# The Kids in the Hall - Death Comes to Town - IFC



## ytsemike (Oct 9, 2003)

Had I not seen the guest appearance by (most of) The Kids on the most recent episode of The Soup, I probably would have missed this:

"Death Comes to Town" on IFC, beginning Friday, August 20th.

Looking forward to this mini-series. Should be showing up in my guide later tonight! :up:


----------



## wmcbrine (Aug 2, 2003)

A belated WARNING: if you set your Season Pass to First-run only, as I did, it _will not record_. This is because the "original air date" is in January (when it aired in Canada).

Can anybody get me the first ten minutes?  Eh, I guess I should do what Dave Foley did, and bittorrent it...


----------



## jtlytle (May 17, 2005)

That show isn't available in Orlando - Comcast!! 

I was Publicist's assistant for Kids in the Hall back in 1990's when I lived in Toronto and worked for Canadian Broadcasting Corporation ( CBC) My Publicist's name was Elaine Mock.


----------



## wmcbrine (Aug 2, 2003)

The guide data for this show is all messed up now, at least on Fios. If you have an SP for "The Kids in the Hall: Death Comes to Town", it will _not_ record the remaining episodes. Instead, they now appear as just "Death Comes to Town", with no description. They do have episode numbers, though. You can probably set an SP for the new title, but since all the remaining episodes are in range now, I just set each to record.


----------



## tlc (May 30, 2002)

Damn, my early SP missed this.
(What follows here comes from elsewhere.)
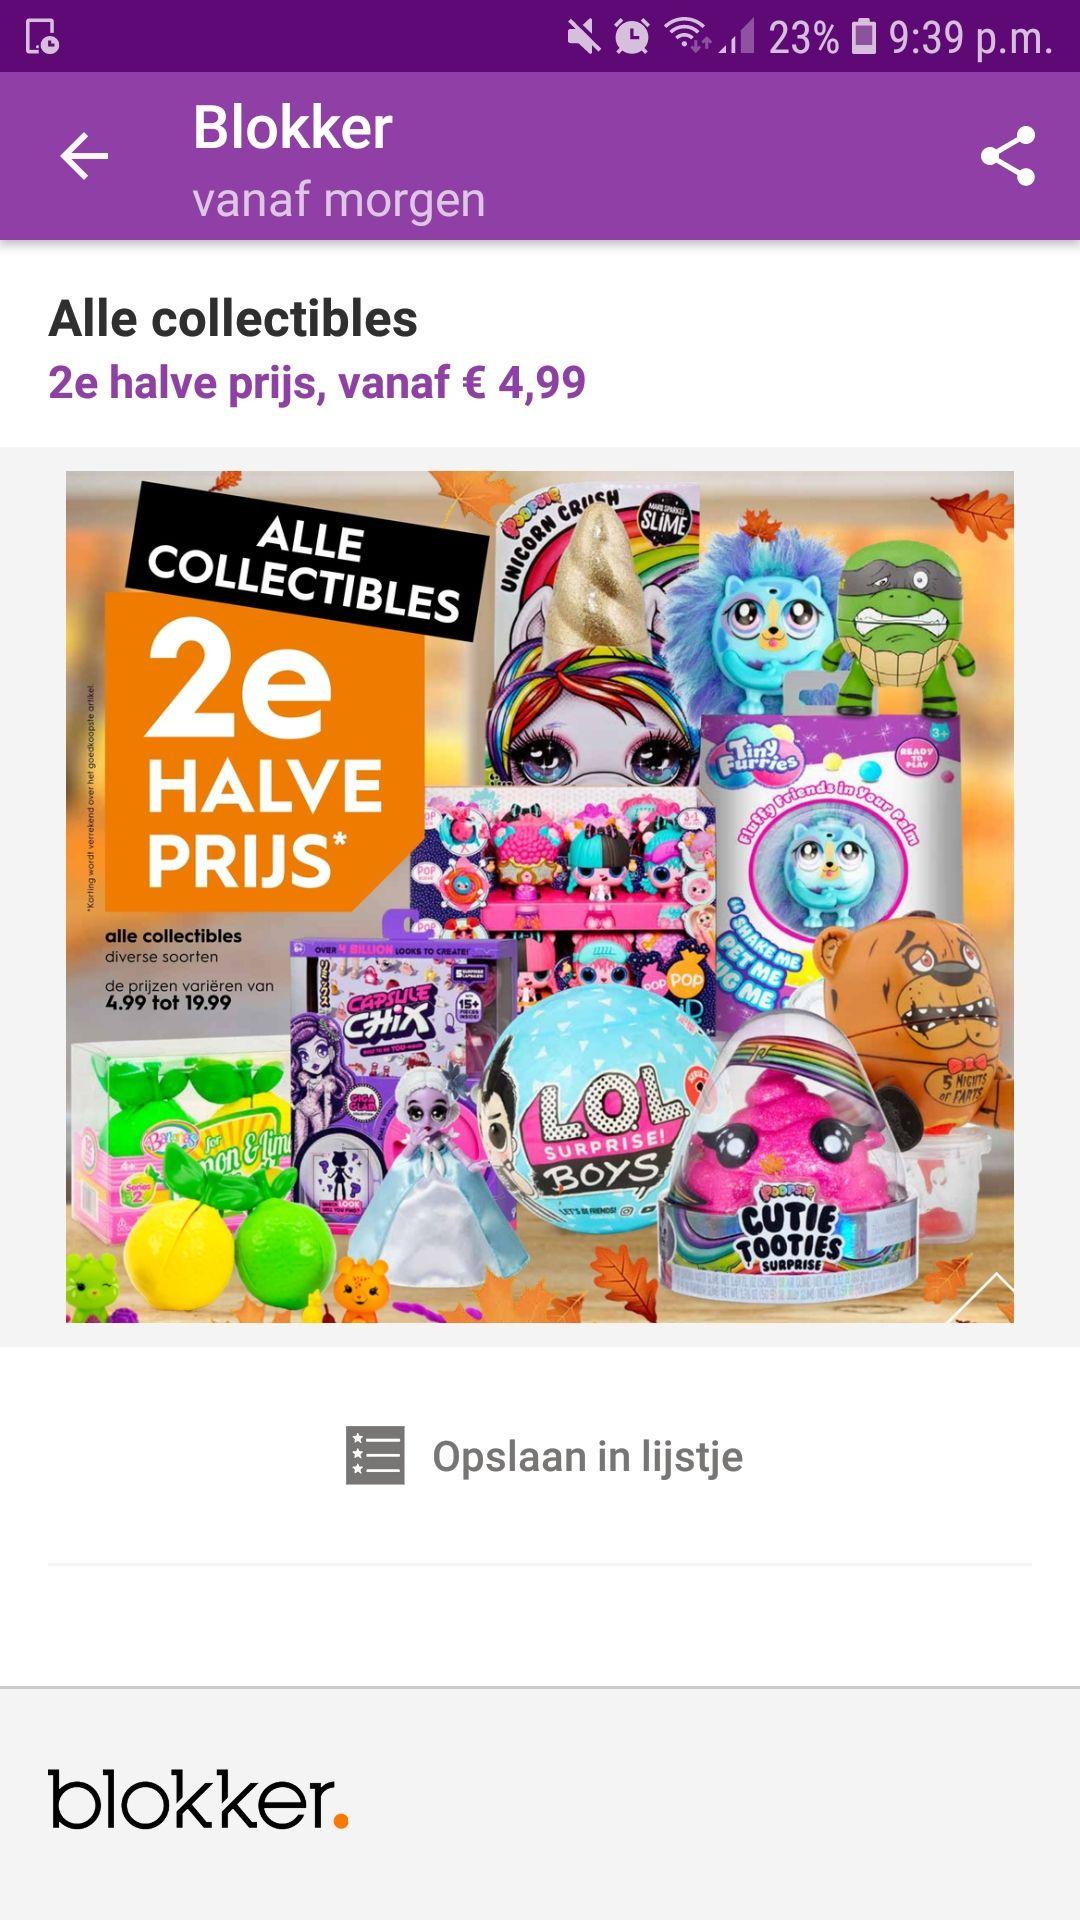 LOL surprise en andere collectibles 2e halve prijs

There seems to be a marathon on the 12th, though.


----------



## krkaufman (Nov 25, 2003)

tlc said:


> Damn, my early SP missed this. There seems to be a marathon on the 12th, though.


Confirmed. All 8 episodes are scheduled to air, in sequence, this coming Sunday, Sept 12, beginning at noon Eastern.


----------



## windracer (Jan 3, 2003)

tlc said:


> Damn, my early SP missed this.


Arrgh, mine too, and I didn't notice until this thread was updated. I've re-created the SP and hopefully will catch the marathon this way.


----------



## tlc (May 30, 2002)

Double crap!

Sometime since I checked last night, the guide data changed back
to "*Kids in the Hall:* Death Comes to Town" and my new subscription
was missing them!! I've recovered in time for #3

IFC and Sundance are really screwing me with their guide data.


----------



## windracer (Jan 3, 2003)

Argh! You're right! So now I got nothing whereas if I had left my original SP alone it would have been fine. They are apparently determined not to have anyone TiVo this show.


----------